Re: [zfs-discuss] Direct I/O ability with zfs?

2007-10-03 Thread Rayson Ho
On 10/3/07, Roch - PAE [EMAIL PROTECTED] wrote:
 We do not retain 2 copies of the same data.

 If the DB cache is made large enough to consume most of memory,
 the ZFS copy will quickly be evicted to stage other I/Os on
 their way to the DB cache.

 What problem does that pose ?

Hi Roch,

1) The memory copy operations are expensive... I think the following
is a good intro to this problem:

Copying data in memory can be a serious bottleneck in DBMS software
today. This fact is often a surprise to database students, who assume
that main-memory operations are free compared to disk I/O. But in
practice, a welltuned database installation is typically not
I/O-bound.  (section 3.2)

http://mitpress.mit.edu/books/chapters/0262693143chapm2.pdf

(Ch 2: Anatomy of a Database System, Readings in Database Systems, 4th Ed)

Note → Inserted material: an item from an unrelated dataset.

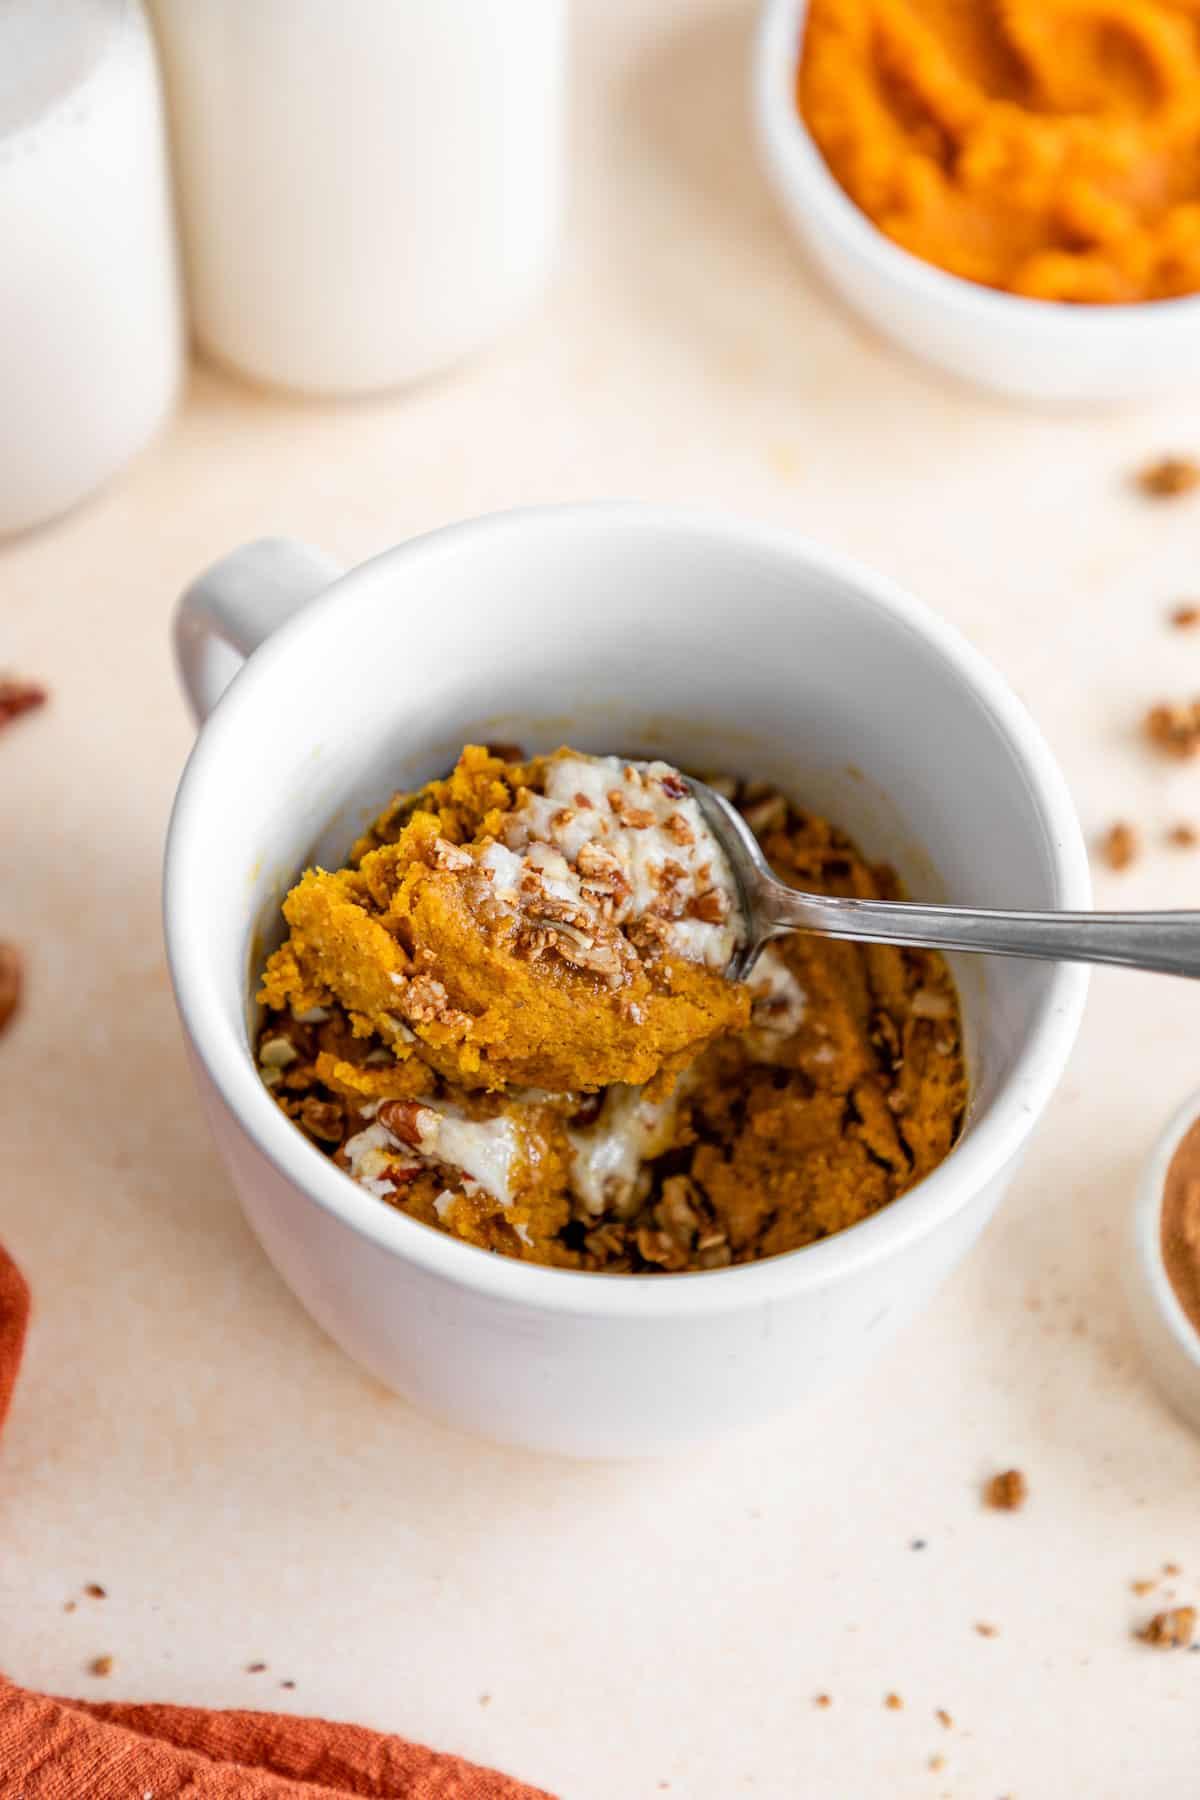 a spoon scooping a bite of vegan pumpkin mug cake out of a white mug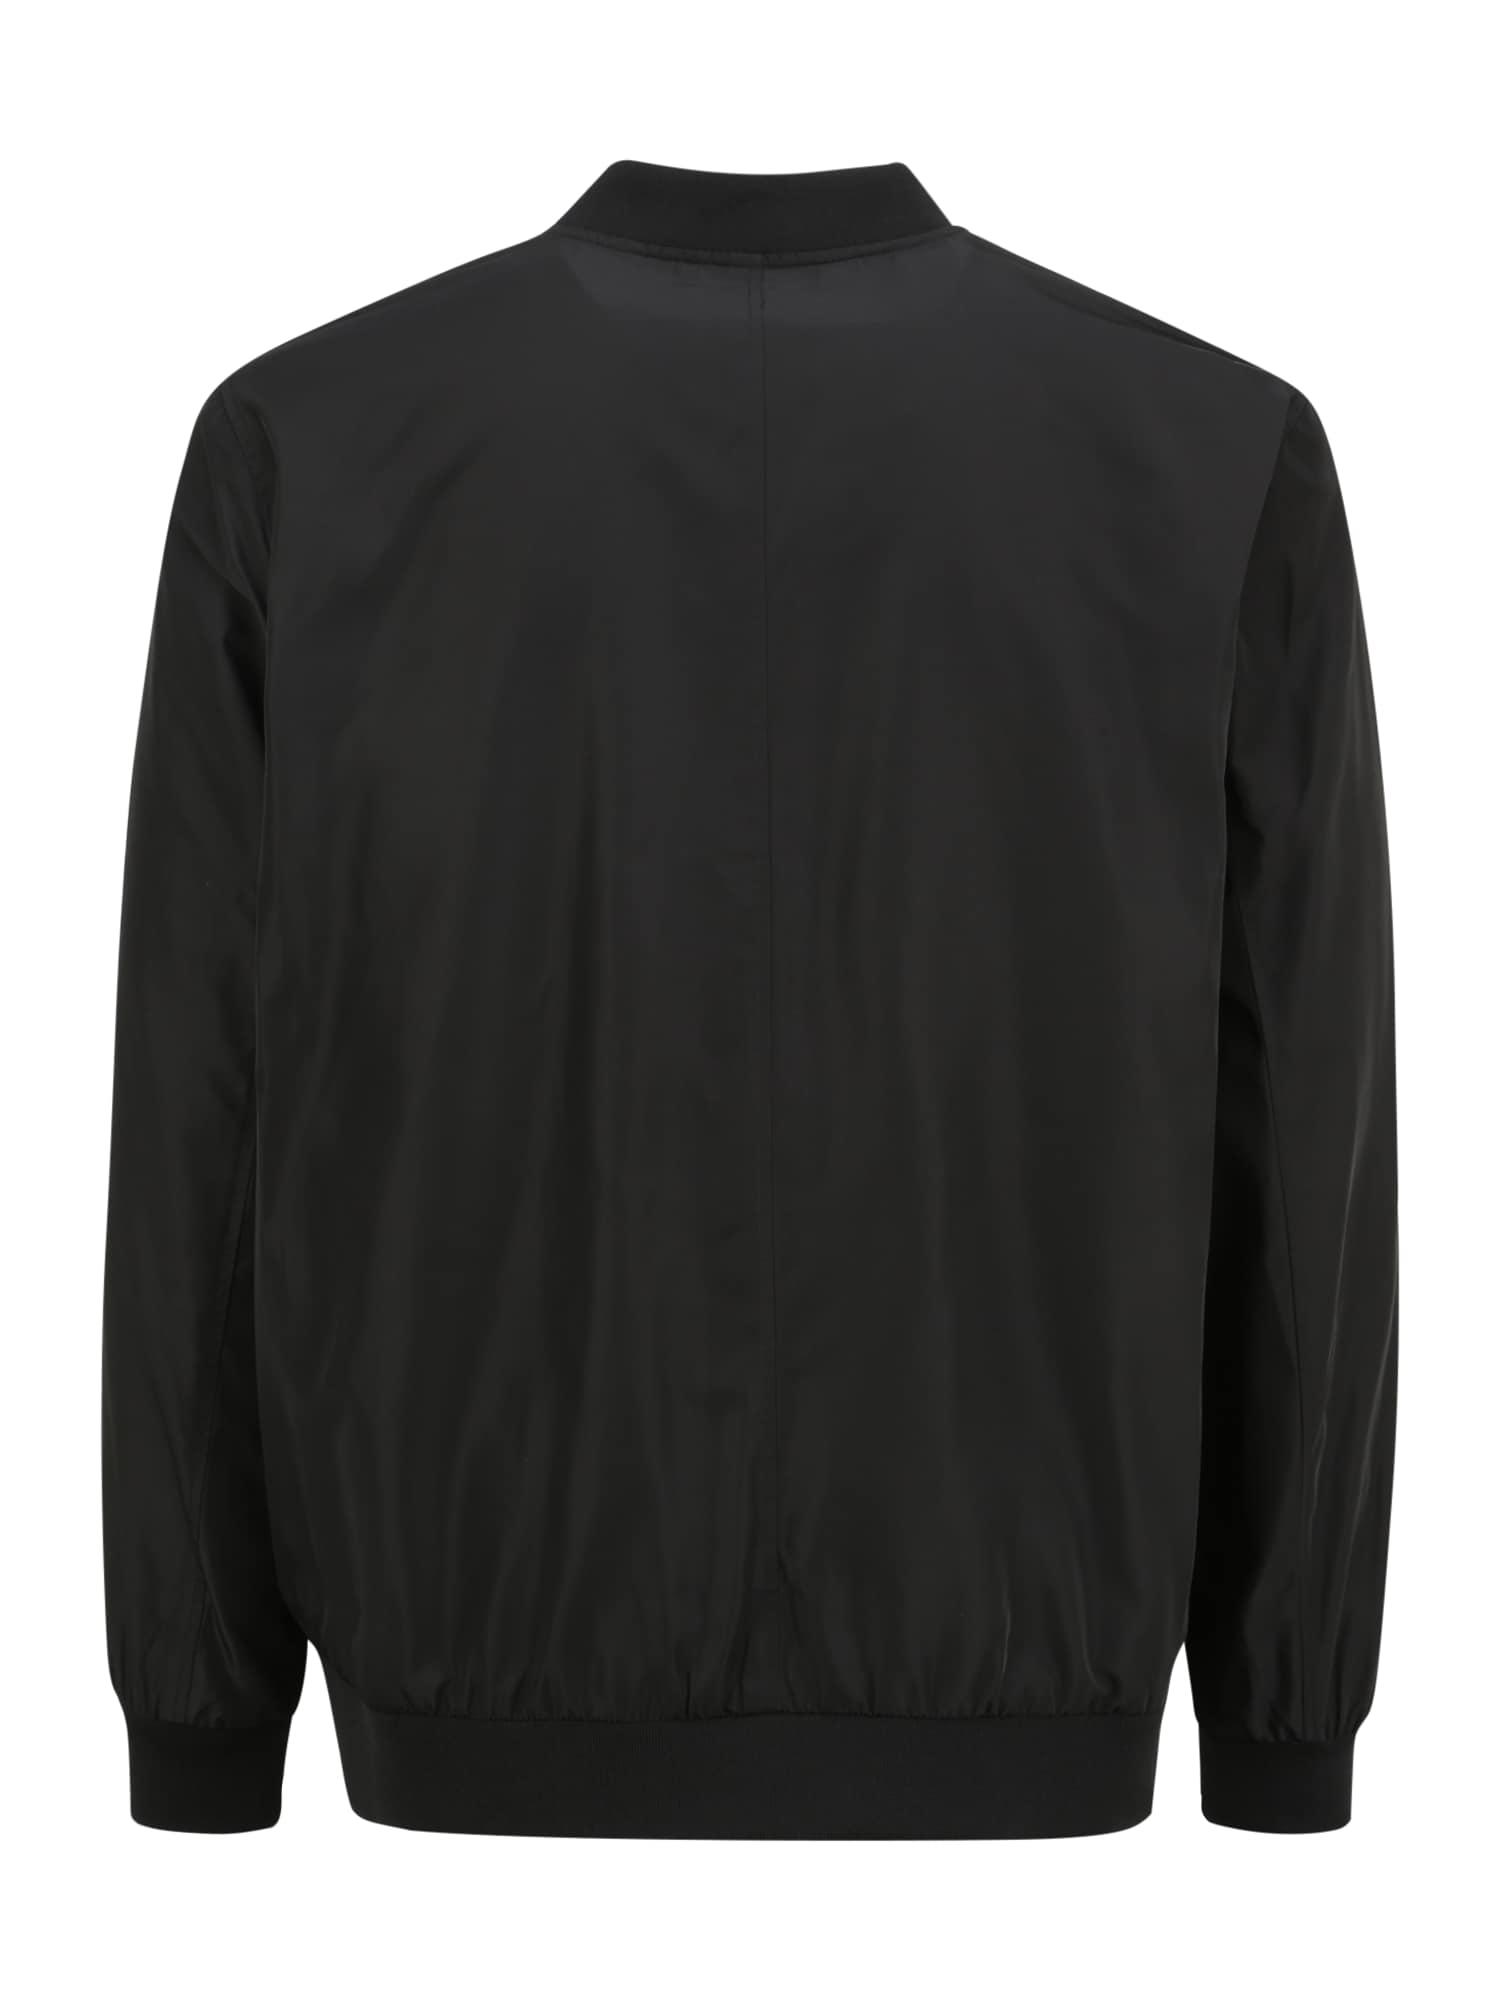 burton menswear london (big & tall) - Bomberjacke 'CORE'

2) If you look at the TPC-C disclosure reports, you will see vendors
using thousands of disks for the top 10 systems. With that many disks
working in parallel, the I/O latencies are not as big as of a problem
as systems with fewer disks.


3) Also interesting is Concurrent I/O, which was introduced in AIX 5.2:

Improving Database Performance With AIX Concurrent I/O
http://www-03.ibm.com/systems/p/os/aix/whitepapers/db_perf_aix.html

Improve database performance on file system containers in IBM DB2 UDB
V8.2 using Concurrent I/O on AIX
http://www-128.ibm.com/developerworks/db2/library/techarticle/dm-0408lee/

Rayson




 -r

  
   Thanks,
   - Ryan
   --
   UNIX Administrator
   http://prefetch.net
   ___
   zfs-discuss mailing list
   zfs-discuss@opensolaris.org
   http://mail.opensolaris.org/mailman/listinfo/zfs-discuss

 ___
 zfs-discuss mailing list
 zfs-discuss@opensolaris.org
 http://mail.opensolaris.org/mailman/listinfo/zfs-discuss

___
zfs-discuss mailing list
zfs-discuss@opensolaris.org
http://mail.opensolaris.org/mailman/listinfo/zfs-discuss


Re: [zfs-discuss] Direct I/O ability with zfs?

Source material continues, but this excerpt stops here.